Saudi Arabia oil attack: The impact on oil prices
What the fallout from the Saudi Arabia drone attack might be, and what could happen next
In the early hours of a Saturday morning in September, a drone attack struck the heart of Saudi Arabia’s oil infrastructure. The attack has disrupted the daily production of an estimated five million barrels of oil — to put that in context, that’s more than half of the kingdom’s entire output, and 5% of global output.
Since the Saudi Arabia oil attack, questions have been raised about who was responsible. The strikes also caused alarm on the markets, not least because of how sophisticated they were. Although Iran-backed Houthi rebels fighting a Saudi-led coalition in nearby Yemen have said they were to blame, the United States has accused Iran of being the mastermind behind the “act of war.”
Given the sheer volume of the output affected — and the significant damage inflicted on two major facilities in Saudi Arabia — an oil price jump was inevitable. Here, we’ll examine the latest oil price news, what the fallout from the Saudi Arabia drone attack might be, and what could happen next.
The extent of the oil price rise
The Saudi Arabia oil attack took place on Saturday, September 15— and by the Monday, investors were digesting news of what had happened. For a time, Brent crude oil futures had leapt by about 20% — an increase of approximately $11 per barrel. The oil price rise was limited to 10%, a premium of $6, later that day.
In the immediate aftermath of the incident on Sunday, Donald Trump had proposed that supplies from America’s emergency fuel storage, known as the Strategic Petroleum Reserve, could be released in order to calm turbulence in oil prices. It could be argued that this helped to placate the oil markets — as well as the realization that, although Saudi oil exports could be affected for many weeks, it’s unlikely to send deep shockwaves through the global economy.
When it comes to the oil prices forecast for the future, the concern doesn’t lie in what has just happened, but whether Saudi Arabia’s infrastructure — which is responsible for 1 in 10 barrels produced internationally — could be susceptible to other brazen attacks, with tensions in the Gulf showing little sign of abating. Another headache caused by the Saudi Arabia drone attack lies in how the world’s spare production capacity has taken a substantial hit, meaning that further unplanned outages could indeed cause a shortage.
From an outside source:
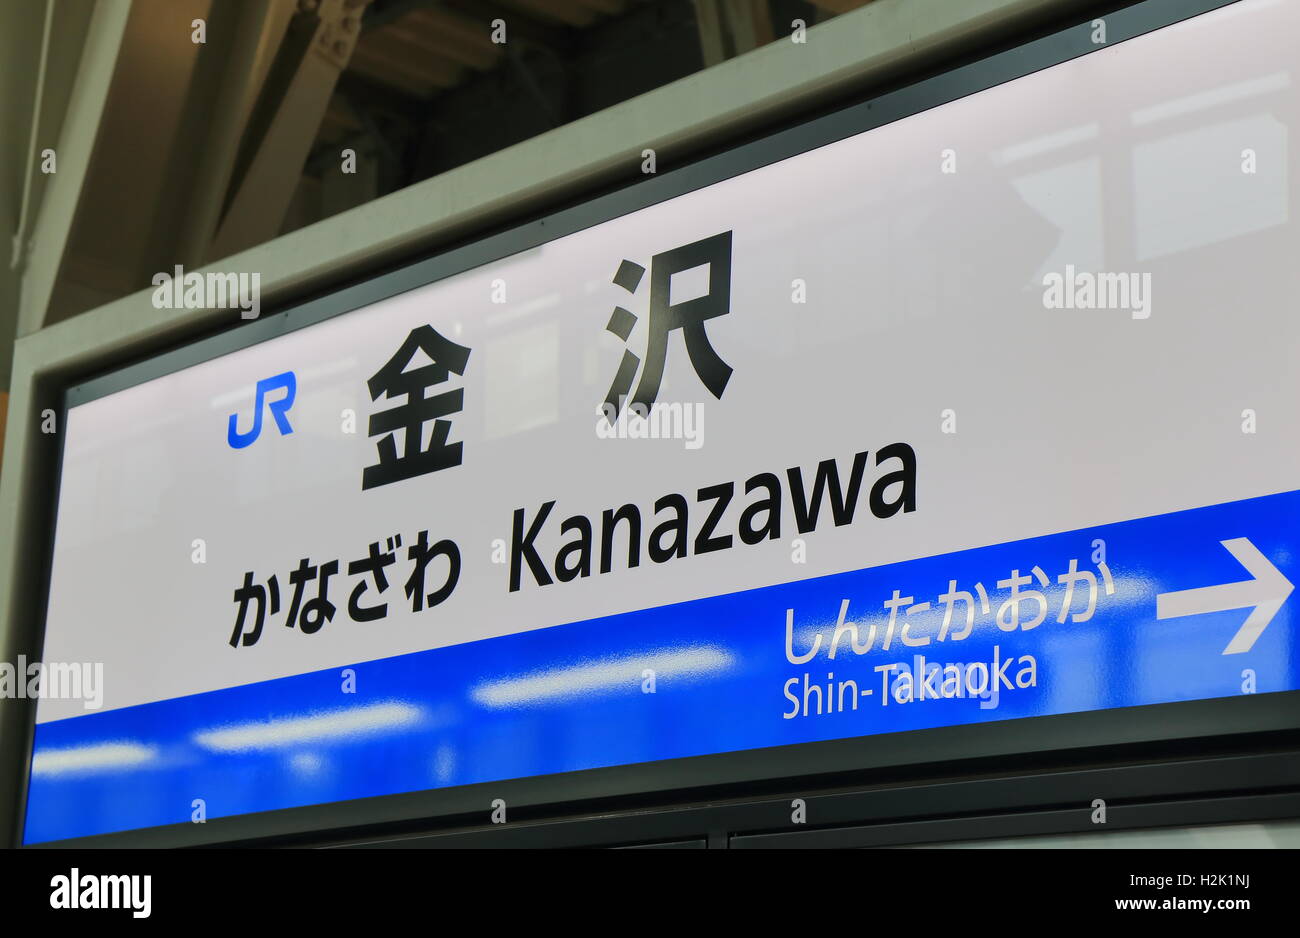 Kanazawa JR Train Station sign in Kanazawa Japan Stock Photo

How long are oil prices forecast to rise?
What lies ahead is always difficult to predict, but Saudi Arabia has wasted no time in setting out a clear schedule for when its output capacity will return to normal levels. The kingdom says supply to customers has been unaffected because it has been available to draw on reserve inventories, and lost production is set to be restored by September’s end. Riyadh also predicts that output capacity will have returned to 12 million barrels a day by the end of November. By Tuesday, September 17 — just three days after the attack — Saudi officials said one of the processing plants affected had already restored 50% of production.
Another substantial oil price rise will follow if Saudi Arabia’s infrastructure is targeted again, with energy analysts warning the kingdom has little way to absorb further shocks. Oil sectors in other parts of the region — such as Kuwait — are increasing security to the highest levels possible in the aftermath of the attack.
For now, oil prices are higher than what they were before the Saudi Arabia drone attack. That’s likely to remain the case for some time, but analysts believe that prices will begin to head back to previous levels when capacity returns.
An oil price rise for consumers?
The only remaining question is what impact — if any — will the unrest in the Gulf have on consumers who are looking to fill up their tanks with gas.
In the US, where domestic oil production has risen substantially in recent years, consumers are set to see less of an impact at the pump than they would have done previously. That said, some analysts have warned that prices in America could rise by about 25 cents per gallon in the short-term, with gas stations set to pass along any costs instead of absorbing them.